The following is the list of Bruneian diplomats that served as Permanent Representative of Brunei Darussalam to the United Nations (UN) Office in Geneva, World Trade Organization, and International Atomic Energy Agency.

== Background ==
Brunei joined the UN on 21 September 1984. The decision was aimed at gaining recognition for its sovereignty and full independence.
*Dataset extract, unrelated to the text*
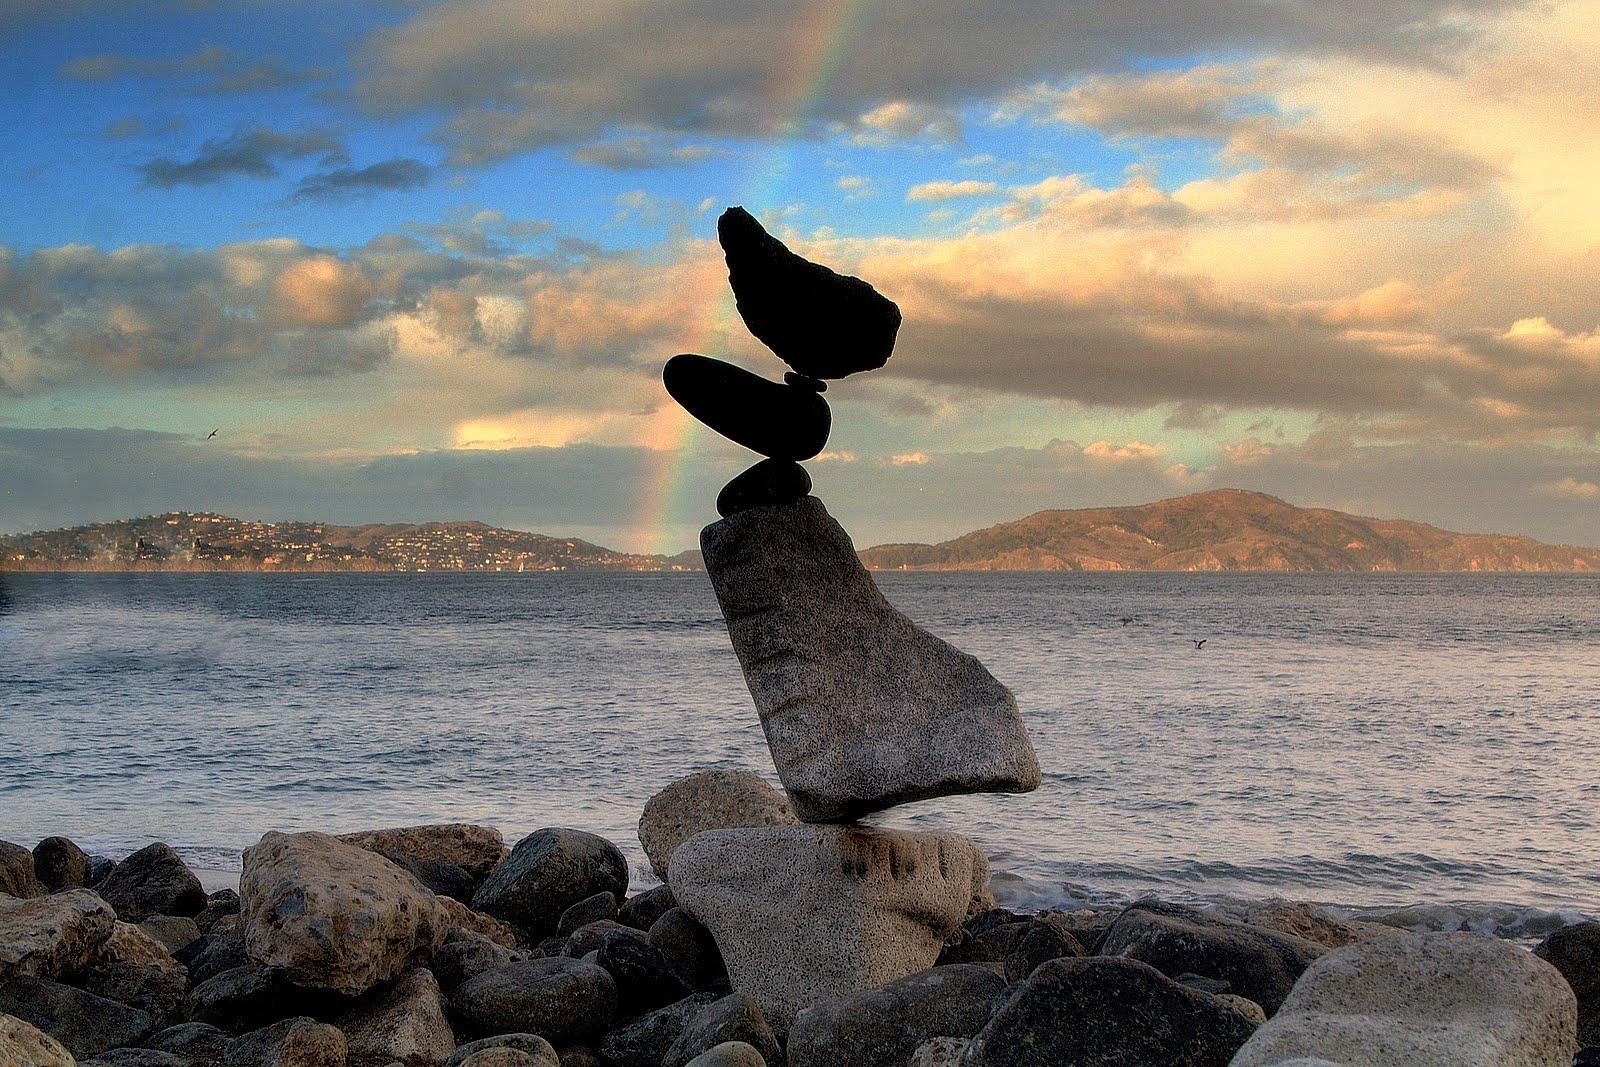 Balance, Centered, Flow

Accession took place during the 39th Session of the United Nations General Assembly, with the Sultan Hassanal Bolkiah emphasising that UN membership would raise global awareness of the country's existence. Membership in the UN provided a platform for Brunei to voice its aspirations and views on international and local issues.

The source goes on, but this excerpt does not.